= Madeleine de Choiseul =

German-Roman monarch

Madeleine de Choiseul (Ipa:Madˈəlˈɛn də ʃwaˈzoel) (1500–1578), was a German-Roman vassal as Princess Abbess of the Imperial Remiremont Abbey in France. She was abbess twice, in 1520 and in 1544. She took over upon the death of Alix de Choiseul's death in 1520, who had fulfilled the role from 1507 to 1520. Upon her appointment, it is said that she was not revered by her other Ladies.

== Appointment to Abbey ==
After Madeleine's tenure was over, she was succeeded by Princess-Abbess Nicole de Dommartin of Remiremont, although her position was not completed as her appointment was reviled by Marguerite de Neufchâtel. Because of this, Nicole was soon replaced by Marguerite de Haraucourt, but this was also not to be. Under the German-Roman Princess-Abbess Marguerite III de Neufchâtel of Remiremont, Madeleine was quickly appointed as coadjutrix. She would only hold this appointment for a few months before being replaced with Madame de Haraucourt.

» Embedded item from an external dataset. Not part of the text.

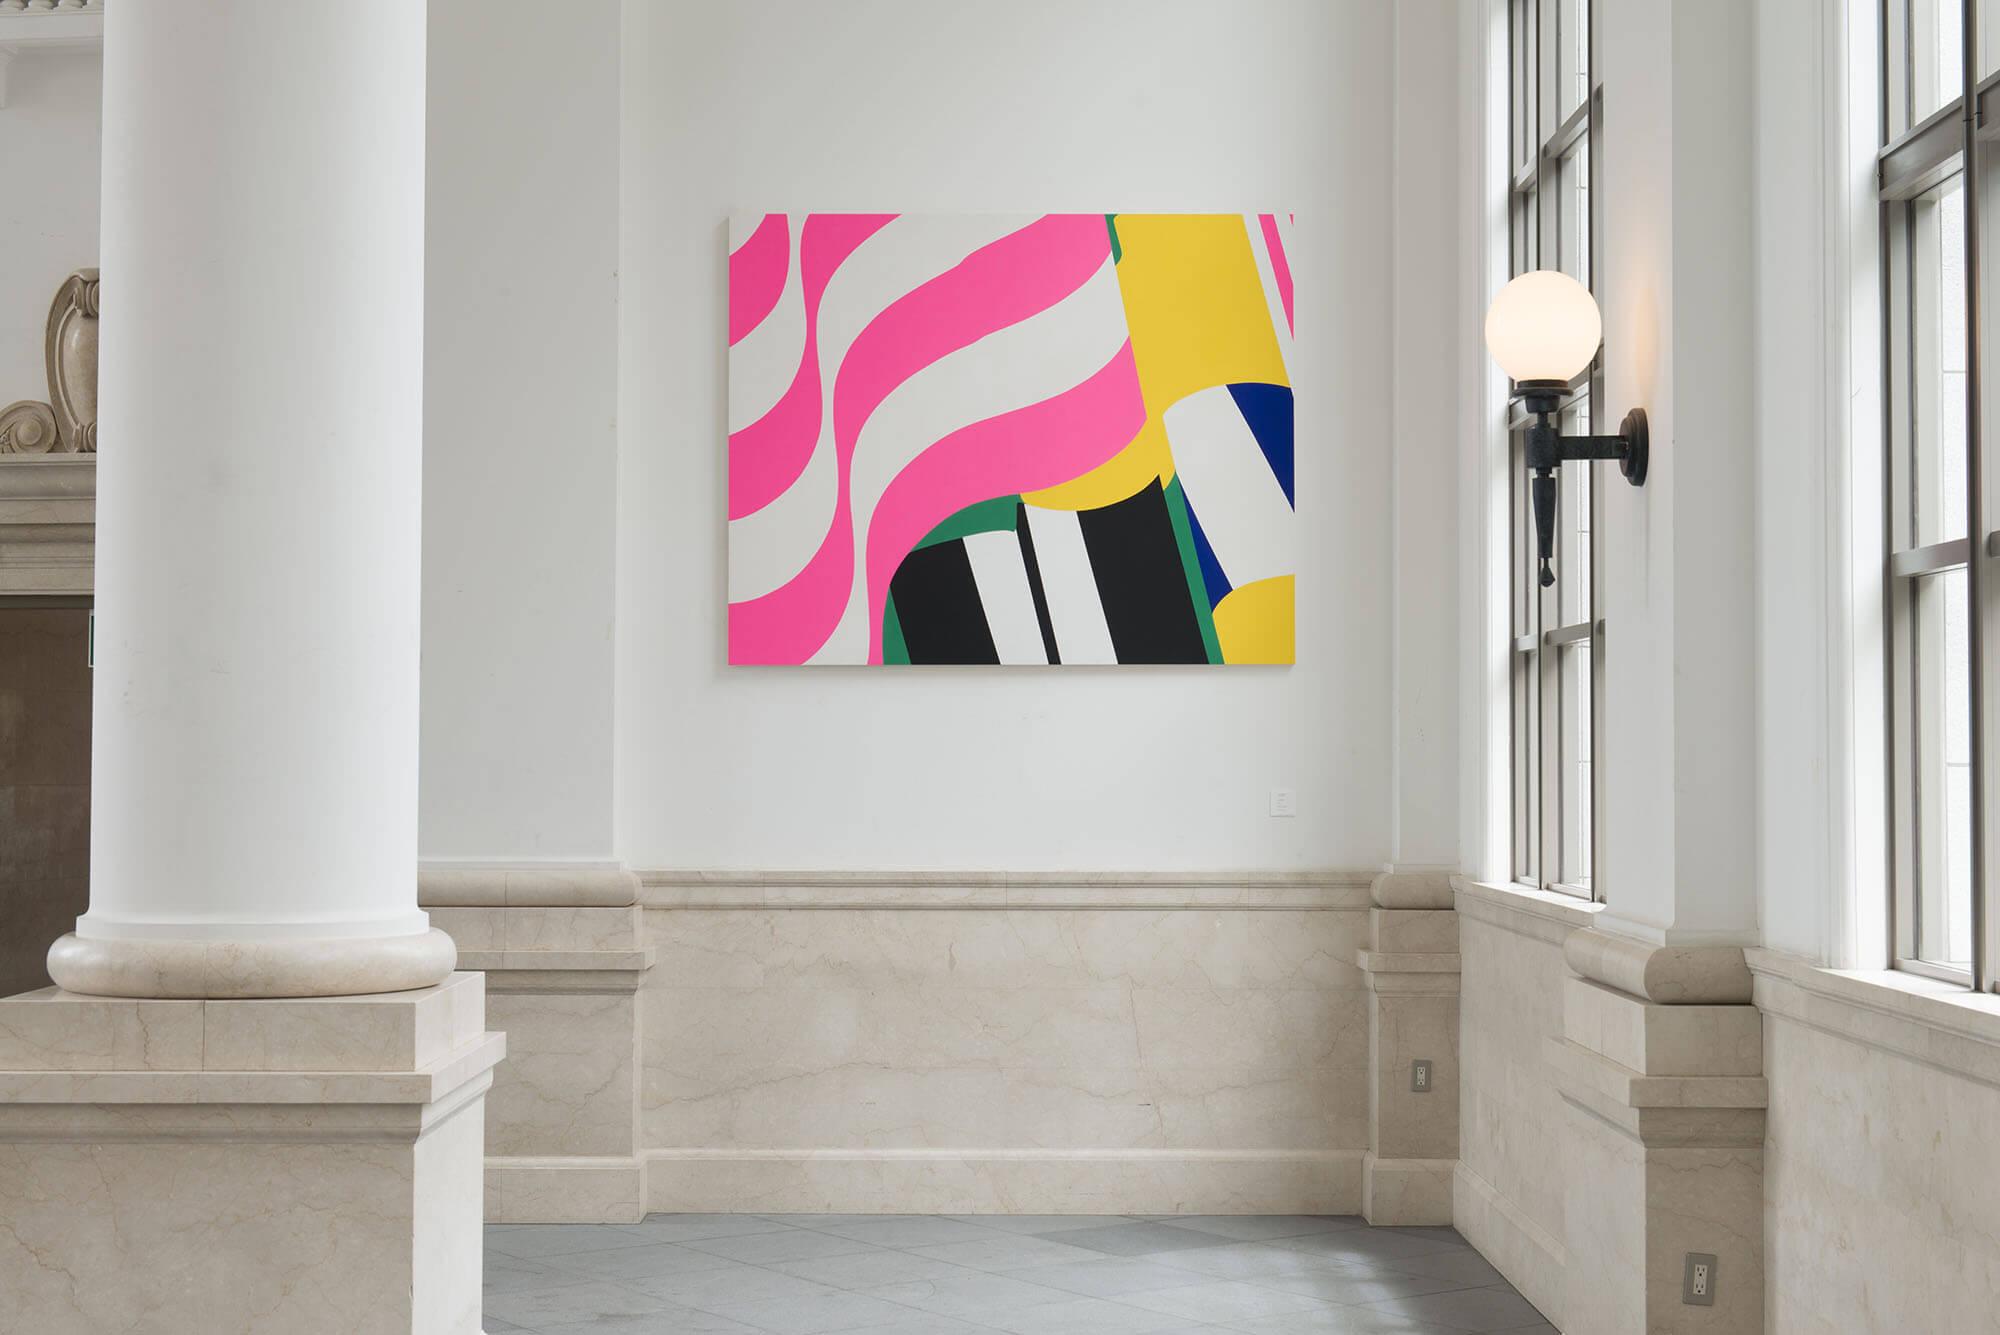 YCC展示プログラム 今井俊介|offsociety inc. YCC Exhibition Program | Shunsuke Imai 現代美術・アート Contemporary Art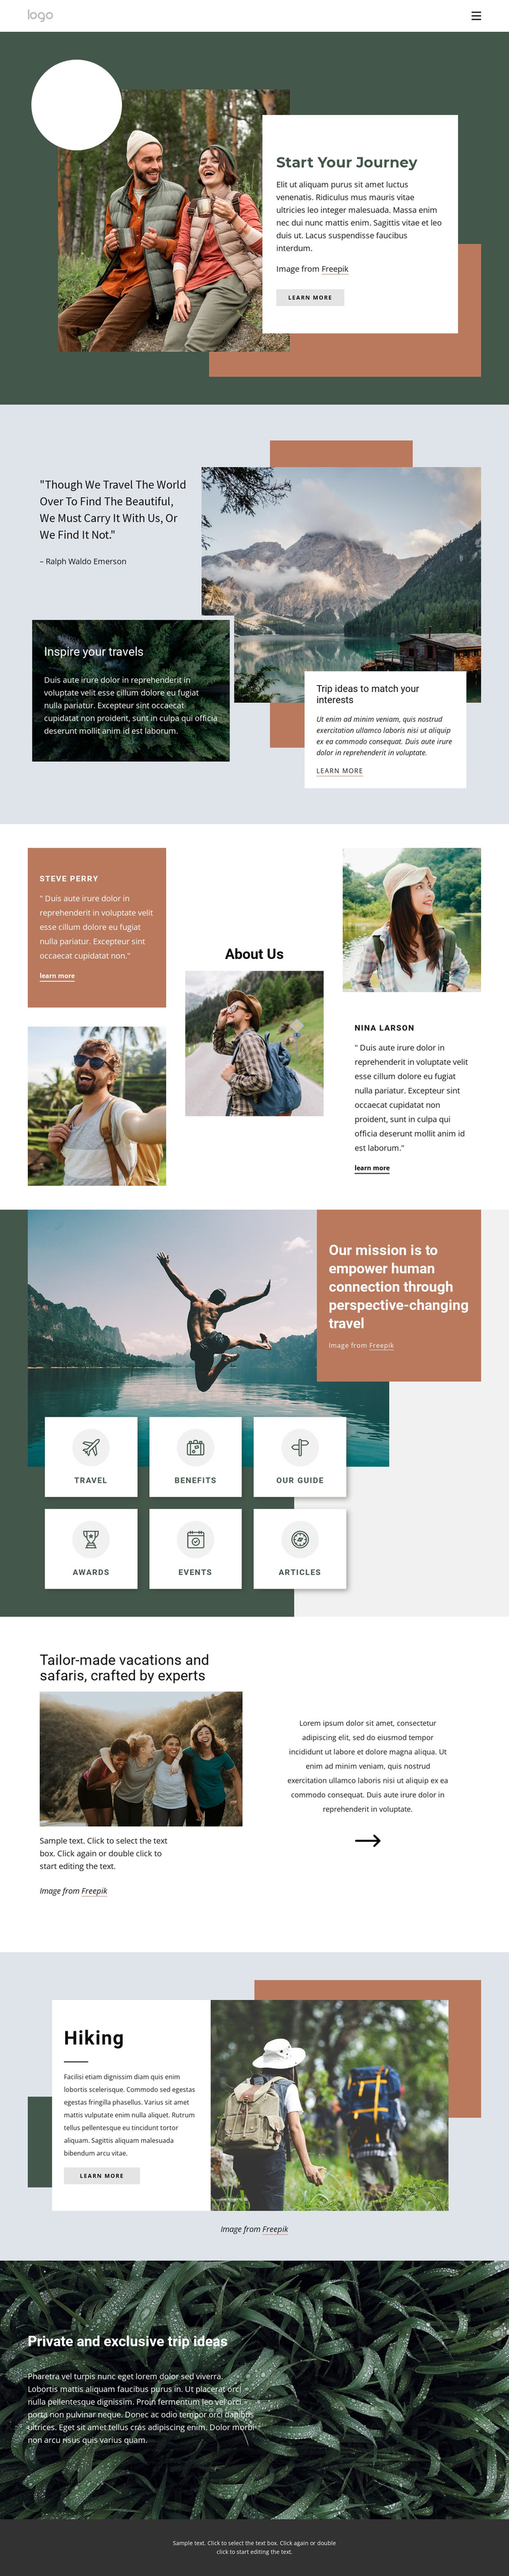 Adventure travel company Website Builder Software

There are two different timelines for the Princess Abbess. One Madeleine died on January 15, 1578, in Paris at the age of 77 and was buried in Paris. The other, more probably, Madeline died in 1549 after having served as the Princess Abbess for 2 years. This is also contested, as she is recorded as having her second appointment in 1544.

== Date discrepancies ==
Some sources purport that she was born in the 16th century around the beginning of the century, while others state that she was born in the century following in 1600. The ruling consensus was that she was a Monarch and Princess Abbess in the 16th century. Her appointment to Princess Abbess is also contested and there are differences in the dates that are recorded.